Not that the apostle any more than his followers in preaching the gospel, desires the people wholly to rely on his words: for afterwards he appeals to his actions to confirm them. And those who in this can imitate him, need not to entreat men to believe their sincerity. If our works bear the stamp of it, as well as our words, both together will speak so loudly and plainly, that every unprejudiced person must understand that we speak in Christ, as in sincerity, and that in so doing we consider we are in the sight of that God, whose commission we bear.
Those whom the apostle accuses of the contrary practice, of corrupting the word of God, seem to have been Jews, who owned Jesus to be the Christ, and his gospel to be divine, yet adulterated it, by
intermingling with it the law of Moses, and their own traditions. And in doing this, their principal view was, to make a gain of Christ; which, consequently, laid them under a necessity of concealing the end they proposed, as well as the means they used in order to obtain it. On the contrary, those who intend the good of mankind, are by no means concerned to hide their intentions. If the benefit we propose in speaking be to ourselves, it is often our interest to keep it private. If the benefit we propose be to others, it is always our interest to make it public; and it is the interest both of ourselves and others, to make public those marks of distinction whence may clearly be known who corrupt the word of God, and who preach it in sincerity.
The first and great mark of one who corrupts the word of God, is, introducing into it human mixtures; either the errors of others, or the fancies of his own brain. To do this, is to corrupt it in the highest degree. To blend with the oracles of God, impure dreams fit only for the mouth of the devil! And yet it has been so frequently done, that scarce ever was any erroneous opinion either invented or received, but scripture was quoted to defend it. And when the imposture was too bare faced, and the texts cited for it appeared too plainly either to make against it, or to be nothing to the purpose; then recourse has usually been had to a second method of corrupting it,-by mixing it with false interpretations. And this is done, sometimes by repeating the words wrong; and sometimes by repeating them right, but putting a wrong sense upon them. One that is either strained and unnatural, or foreign to the writer's intention in the place from whence they are taken. Perhaps contrary either to his intention in that very place, or to what he says in some other part of his writings. And this is easily effected : any passage is easily perverted, by being recited singly, without any of the preceding or following verses. By this means it may often seem to have one sense, when it will be plain, by observing what goes before and what follows after, that it really has the direct contrary. For want of observing which, unwary souls are liable to be tossed about with every wind of doctrine, whenever they fall into the hands of those who have enough of wickedness and cunning, thus to adulterate what they preach, and to add now and then a plausible comment, to make it go down the more easily.

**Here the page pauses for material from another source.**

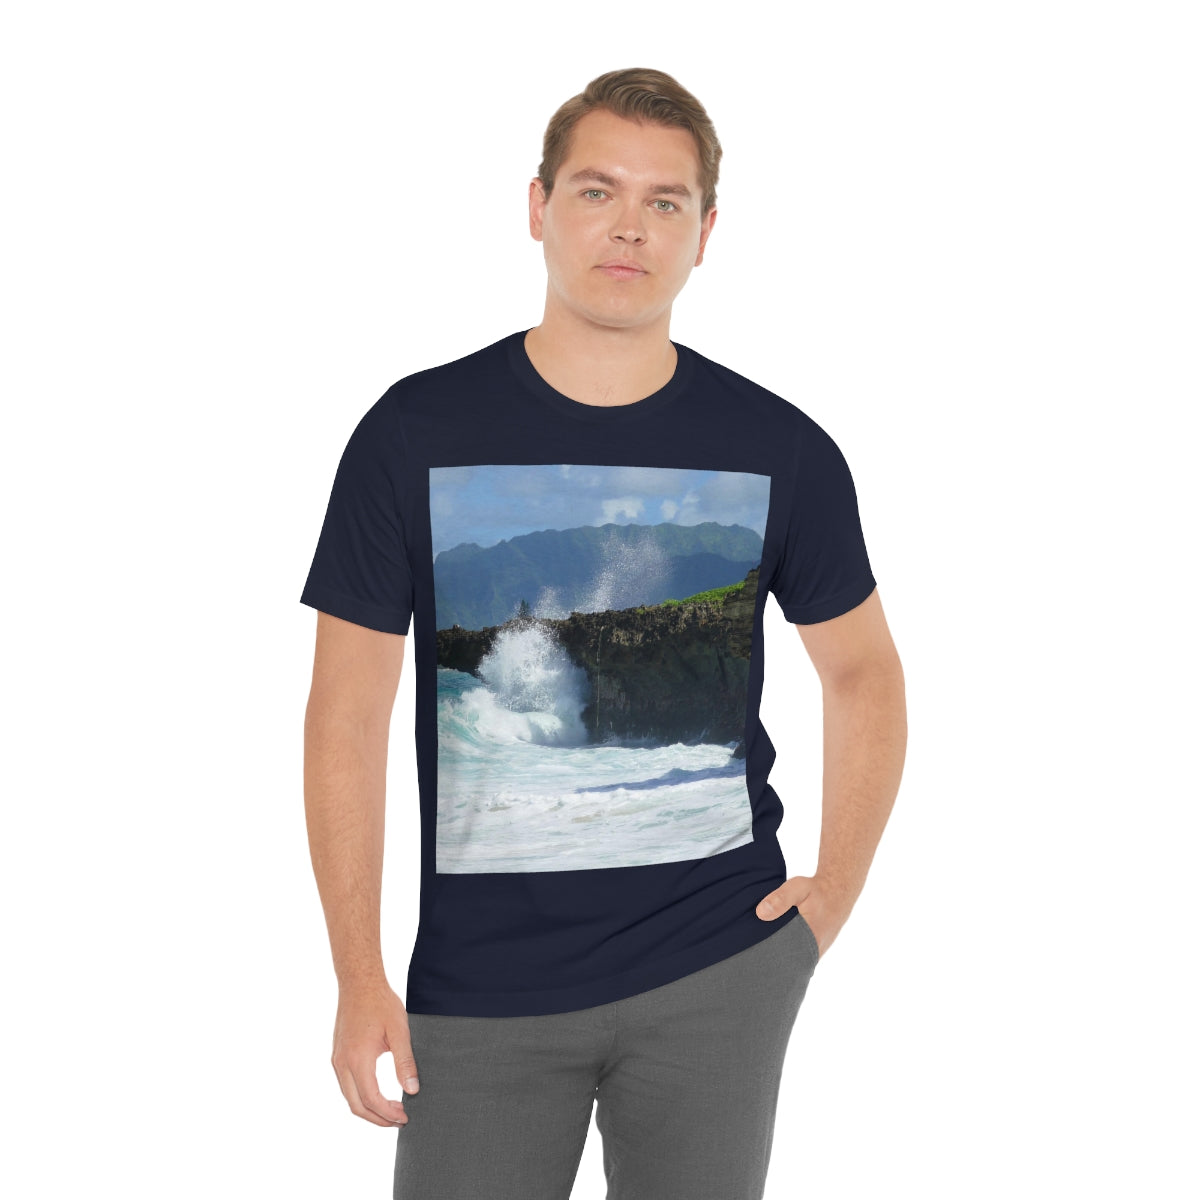 Rockin Surfer's Rope - Unisex Jersey Short Sleeve T-Shirt - Fry1Productions

A third sort of those who corrupt the word of God, though in a lower degree than either of the former, are those who do so, not by adding to it, but by taking from it: who take either the spirit or substance of it away, while they study to prophesy only smooth things, and therefore palliate or colour what they preach, in order to reconcile it to the taste of the hearers. And that they may do this the better, they commonly let those parts go that will admit of no colouring They wash their hands of those stubborn texts, that will not bend to their purpose, or that too plainly touch upon the reigning vices of the place where they are. These they exchange for those more soft and tractable ones, that are not so apt to give offence. Not one word must be said of the tribulation and anguish denounced against sinners in general ; much less of the unquenchable fire, which, if God be true, awaits several of those particular offences that have fallen within their own notice. These tender parts are not to be touched without danger, by them who study to recommend themselves to men; or if they are,
it must be with the utmost caution, and a nice evasion in reserve. But they may safely thunder against those who are out of their reach, and against those sins which they suppose none that hear them are guilty of. No one takes it to heart, to hear those practices laid open which he is not concerned in himself. But when the stroke comes home, when it reaches his own case, then is he, if not convinced, displeased, or angry, and out of patience.

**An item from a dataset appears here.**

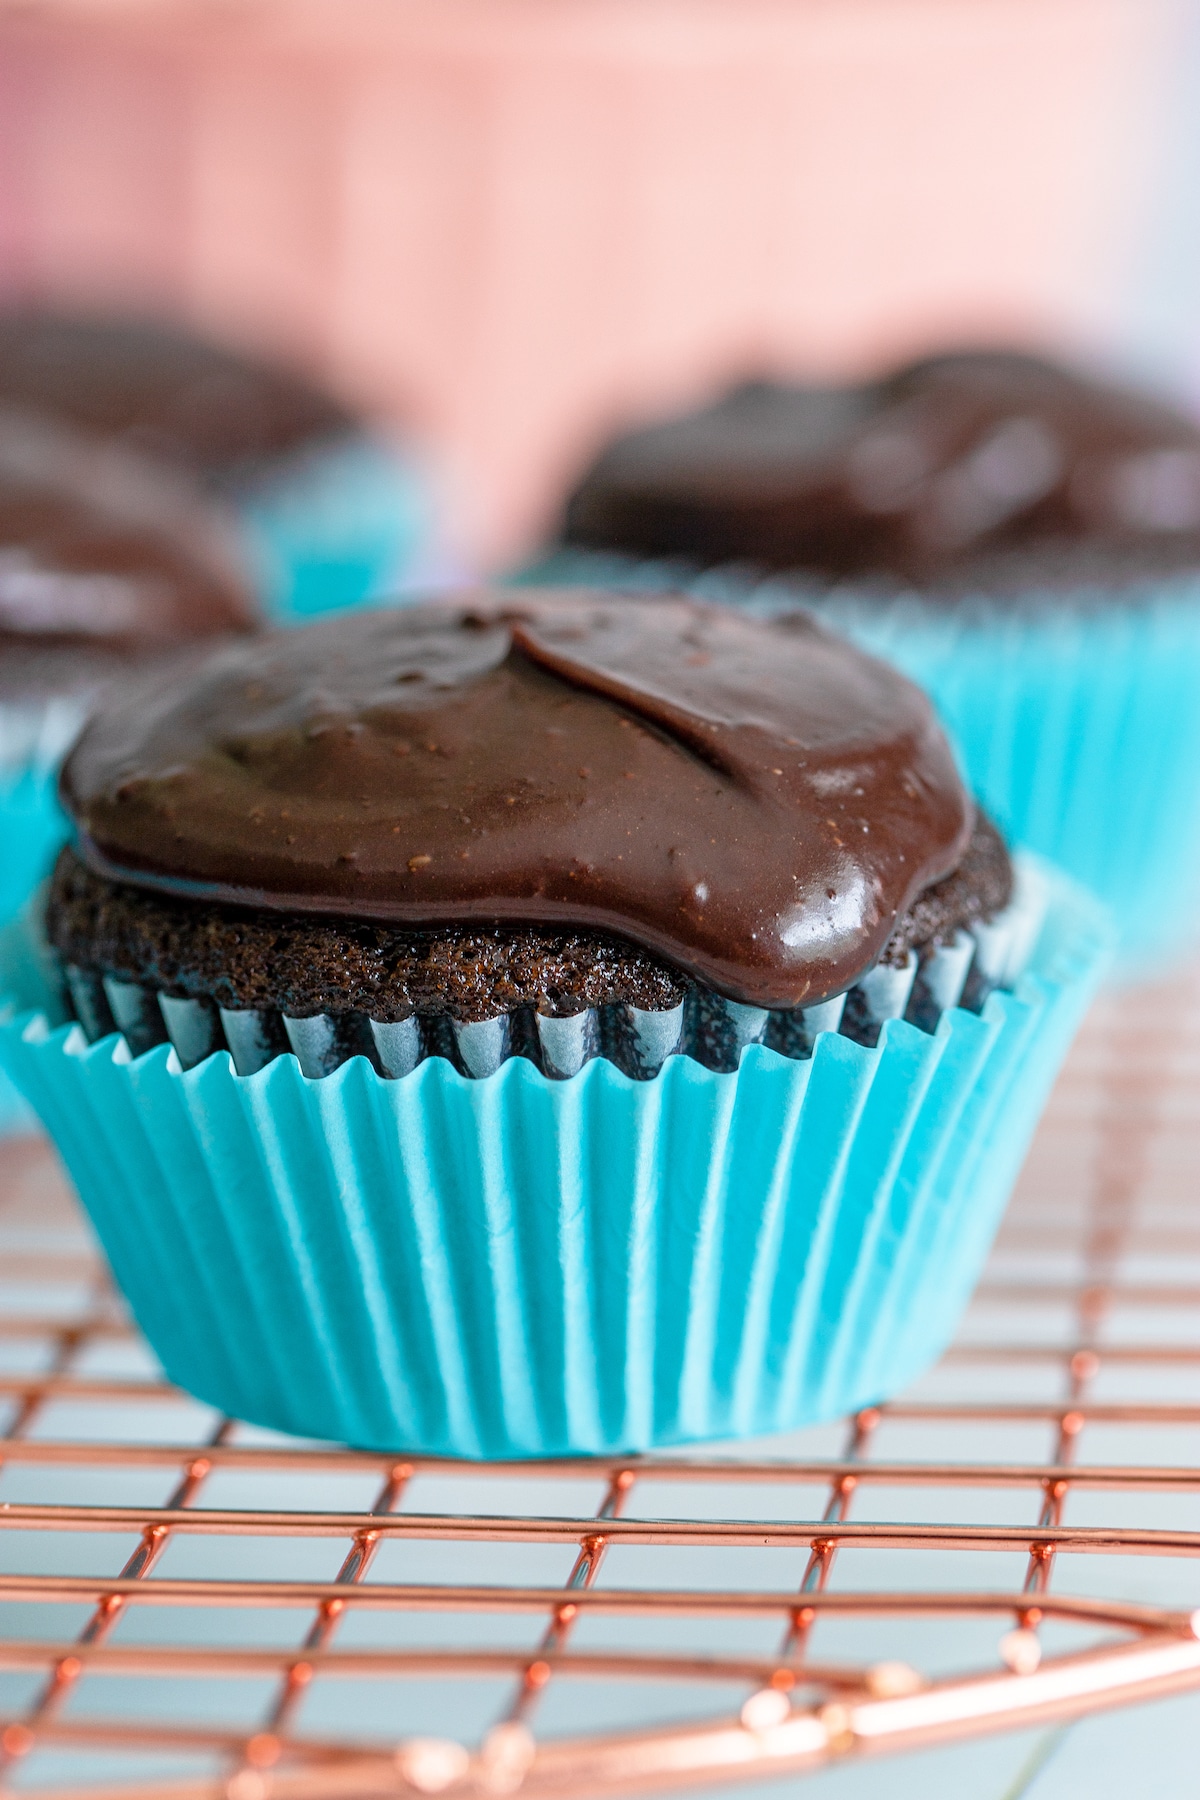 Close up photo of best chocolate cupcakes with chocolate frosting in a blue cupcake liner

These are the methods of those corrupters of the word, who act in the sight of men, not of God. He trieth the hearts, and will receive no service in which the lips only are concerned. But their words have no intercourse with their thoughts. Nor is it proper for them that they should. For if their real intention once appeared, it must make itself unsuccessful. They purpose, it is true, to do good by the gospel of Christ, but it is to themselves, not to others. Whereas they that use sincerity in preaching the gospel, in the good of others seek their own. And that they are sincere, and speak as commissioned officers, in the sight of him whose commission they bear, plainly appears from the direct contrariety between their practice, and that of the dissemblers above described.
First : Consider, it is not their own word they preach, but the word of him that sent them. They preach it genuine and unmixed. As they do not only profess, but really believe, that, “ If any man add unto the word of God, he will add unto him all the plagues that are written in it;" they are fearful of doing it in the least instance. You have the gospel from them, if in a less elegant manner, yet fair, and as it is; without any mixture of errors to pollute it, or misinterpretation to perplex it : explained in the most natural, obvious manner, by what precedes and what follows the place in question; and commented upon by the most sure way, the least liable to mistake or corruption, the
producing of those parallel places that express the same thing the more plainly.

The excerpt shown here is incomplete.